The length of time is less important than how warm they are kept. 99.5 F or 37.5C is incubation temp and the eggs can deviate what is often quoted for 30 minutes at a time before they are chilled. If its 100 F outside don't be surprised if the parents don't sit much. The lower the temperature outside the longer the parents should sit, the higher the temp the parents will sit less and the eggs will be okay longer.


----------



## joec (Dec 15, 2013)

Thanks for your reply Darkel , room temperature at my place is 73 in the morning and can get to 63 degree at night , i m not preoccupied for the night but in the morning sometimes she left them for about 30 minutes but the nestbox in in very thick wood so there is a good isolation. What do you think? I didn t candle eggs although the first one is since 11 days, should i necessary candle them and if not fertile to threw them? Note that during the half and hour she left the nest, the male enter the nest but for few minute and he don t sit on eggs i feel like him moving them or inspecting them , is this normal? Since i think my male is negligent, the female is about 3 years male about 2 year could it be lack of experience?


----------



## joec (Dec 15, 2013)

I red also on internet that there are two types of Cockatiel pair: bonded pair and bonding pair , it seems mine is bonding pair so i expect difficult for them to have chicks


----------



## Darkel777 (Jun 7, 2013)

I would always candle the eggs before doing anything with them. But just based on what you tell me it sounds like the eggs are not viable. Candle to confirm this, if this is just inexperience the male in subsequent clutches may learn to sit properly.

If this is a bonding problem the male may refuse to sit. In most bondage pairs I hear about the male ignores the nest box altogether and does not get along with his mate. Watch their behavior, if the two get along and seem to like each other, there may be hope yet. If not, separate the two and give each a new mate.


----------



## Chipper&Trillie (Sep 1, 2013)

joec said:


> room temperature at my place is 73 in the morning and can get to 63 degree at night , i m not preoccupied for the night but in the morning sometimes she left them for about 30 minutes but the nestbox is in very thick wood so there is a good isolation.
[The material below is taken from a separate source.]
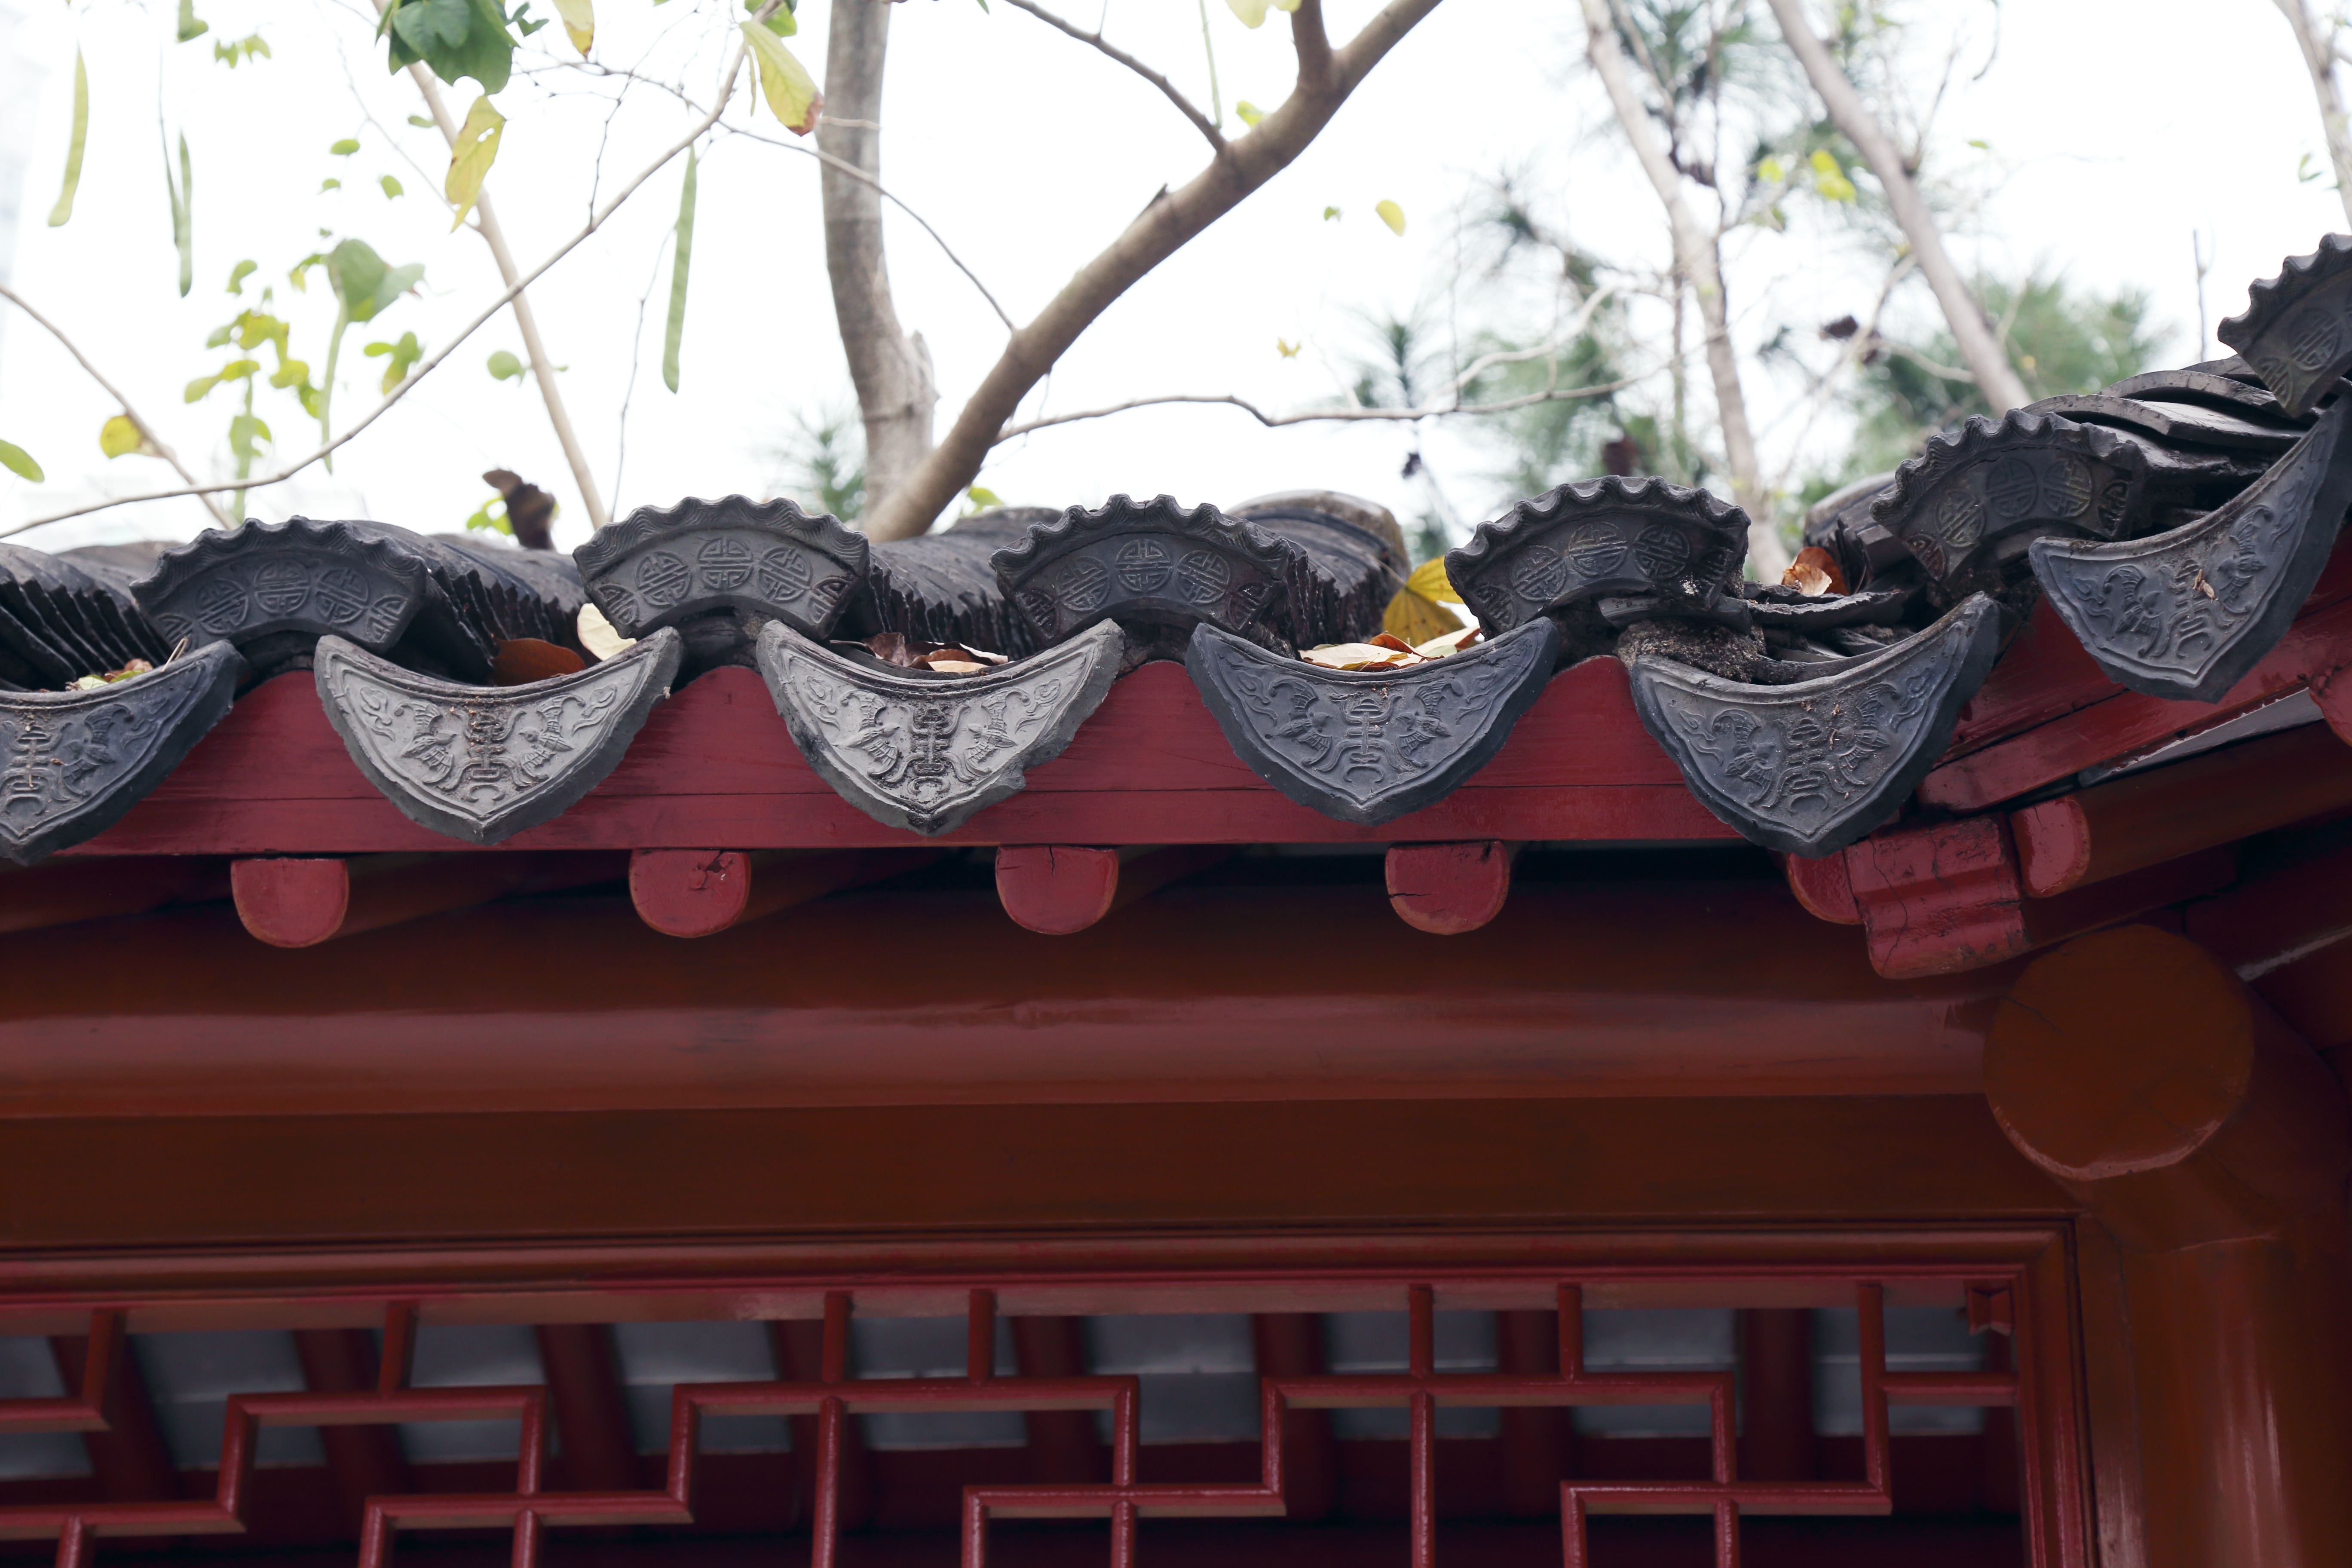 brown and black temple roof
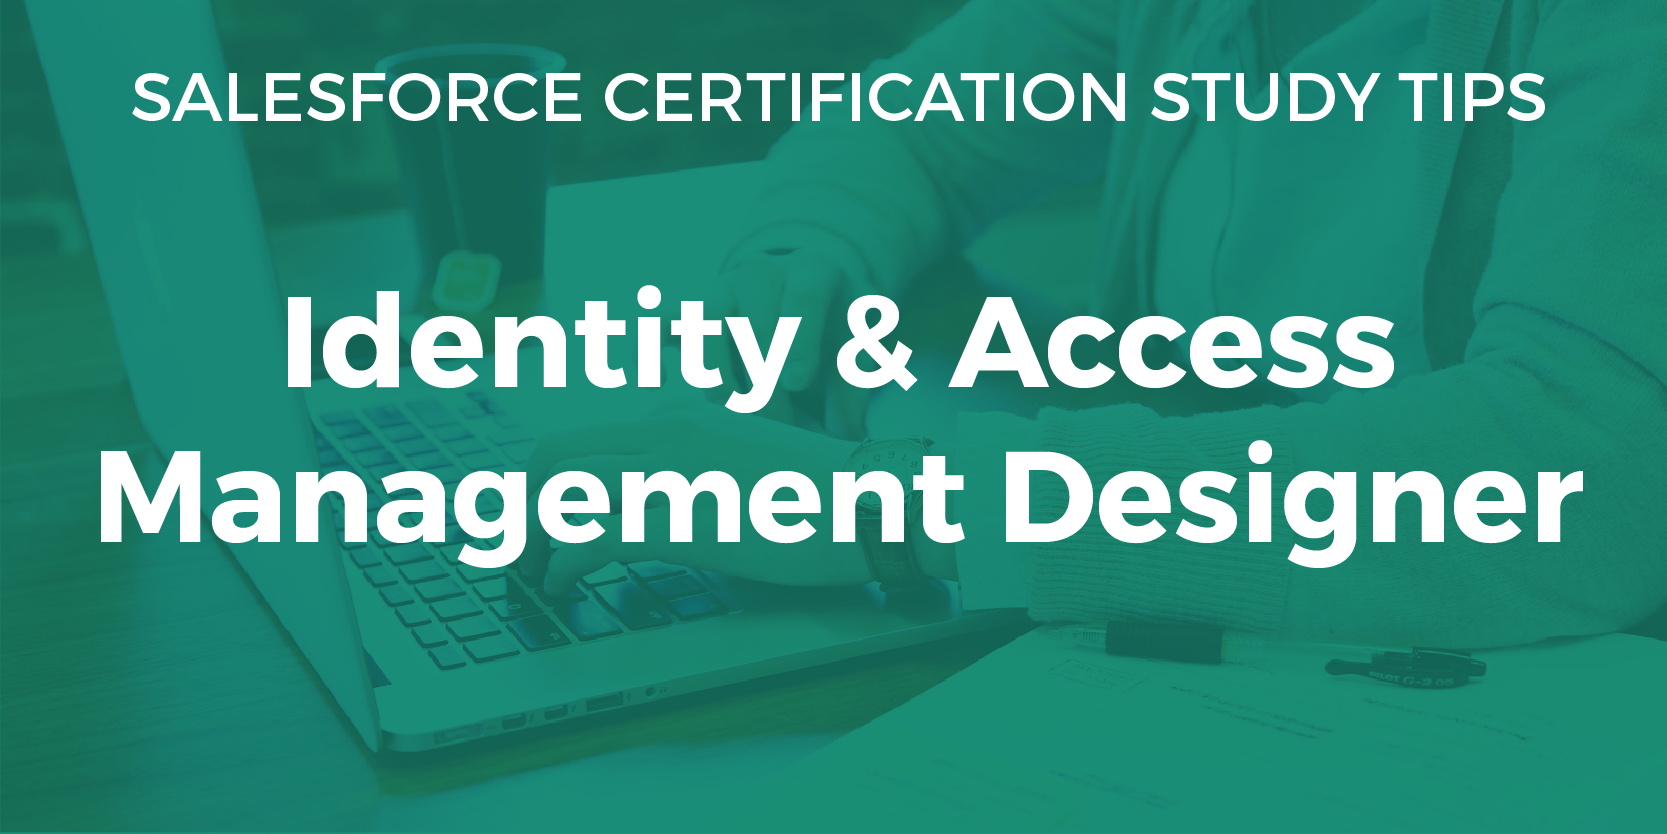 Identity and Access Management Designer Study Guide - Salesforce Chris

what kind of a place and heat in it do you have that there is such a significant difference in temperatures?


----------



## joec (Dec 15, 2013)

Update: thanks for your replies : now morning here the female is outside and the male doing his duties inside sitting since 1 hour  , i decided that i'll keep the eggs and not interfere much even if not viable and that also help for the male to learn to sit more for next clutches (the first egg was laid since 11 days) , i think also that probably the temperature of the eggs was acceptable yesterday so he didn't feel need to sit while female was eating . as for the aggression i don t see agression between them , he was picking at her before mating but as soon as they started to build nest they are much more calm but sometimes while eating together from same bowl he pushes her and want to eat him first., that only the aggression between them, i see them kissing and pleening each others so i think with time they might become bonded (is it possible that with time the pair become more bonded ?)


----------



## joec (Dec 15, 2013)

Hi chipper , Nestbox is made from MGH Pressed wood about 1.3 inches thick from all sides and i put pine shavings about 2 inches, they laid the eggs at the end very far from the opening but from time to time i see eggs are moving


----------



## joec (Dec 15, 2013)

do you think temperature is more retained inside so they can leave the nest about 30 min?


----------



## joec (Dec 15, 2013)

Update : my male started to sit on EGGs for about 6 hours in the morning , seems as time approach he is getting more sense of responsibility, I hope that it is not too late and the EGGs still viable, we are in day 14 and I ll keep you posted in case they hatch


----------



## Haimovfids (Sep 19, 2012)

If your really curious to know whether they are still viable or not you can always candle them. All you do is shine a pen light on the side where the air cell is. You will see veins if it's fertile.


----------



## joec (Dec 15, 2013)

yes very curious actually, but it will be apparent at night only ? And is it necessary to handle the EGGs to candle them? I m afraid to spoil them in case viable, can I use any flashlight?


----------



## Chipper&Trillie (Sep 1, 2013)

joec said:


> yes very curious actually, but it will be apparent at night only ? And is it necessary to handle the EGGs to candle them? I m afraid to spoil them in case viable, can I use any flashlight?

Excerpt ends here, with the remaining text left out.